When I heard the term ‘monkey mind’ in Christian meditation, it really hit home for me. The ‘mind’ said that if only I did another inventory, worked harder, did more service work, then I would find the pot of gold at the end of the rainbow. I was stuck in Martha, complaining that no one was helping me find the answer! Even though I wanted to stop spinning, and felt drawn to silence, I remained powerless through all my efforts to be transformed in the renewing of my mind. Christian meditation gave me a way to plug into that current of love that Bill W. wrote about in The Next Frontier: Emotional Sobriety and which John Main calls the divine energy, the stream of love.We are all in need of the power of love that will restore us to wholeness and bring us to fullness of life. The addictions to drugs and alcohol are heartbreaking, but it is the socially acceptable and less obvious ones that lure the addict into painful compulsions in ‘sobriety’ – addictions to money, power, prestige and the need for approval, amongst many.
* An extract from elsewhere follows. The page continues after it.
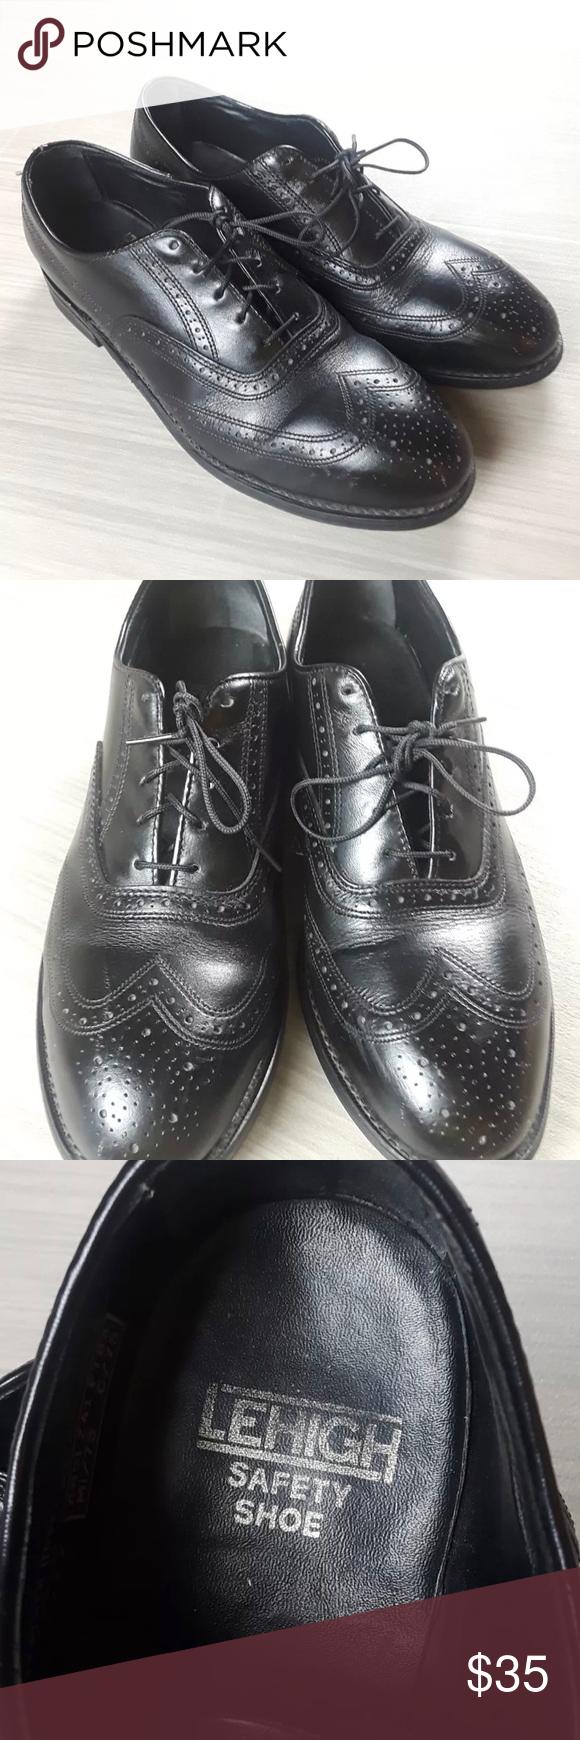 Lehigh Safety Toe Black Leather Oxfords Men's 9.5D Lehigh

 John Main speaks to this life of superficiality so profoundly: 

The real tragedy of our time is that we are so filled with desire, for happiness, for success, for wealth, for power – whatever it may be – that we are always imagining ourselves as we might be. 

One of the outreach programs that we offer at the center is Christian meditation as an 11th step practice. The group meets weekly and is for people who are involved in 12-step programs of recovery, but everyone is welcome. Sister Elizabeth Hillmann, my spiritual director for many years, who is not in recovery, led a Christian meditation 11th step retreat with me here in London a few years ago. Sister Elizabeth always starts out welcoming everyone by saying, We are all addicted to something! In his book, Addiction and Grace, Dr. Gerald May reminds us that to be alive is to be addicted and to be addicted is to stand in need of grace.

There are two quotes from John Main that continue to speak to me and to others who come to the 11th step group, looking for a way to leave self behind – to Let go and Let God:

“Meditation begins with a call that awakens us out of the coma of self-preoccupation. We are called, we are chosen. Meditation is our response to that call from the deepest center of our awakened consciousness … by letting go in meditation we learn how to love.”
Fr John Main
“We know ourselves loved and so we love. Meditation is concerned with completing this cycle of love. By our opening to the Spirit who dwells in our hearts, and who in silence is loving to all, we begin the journey of faith. We end in faith because there is always a new beginning to the eternal dance of being-in-love.”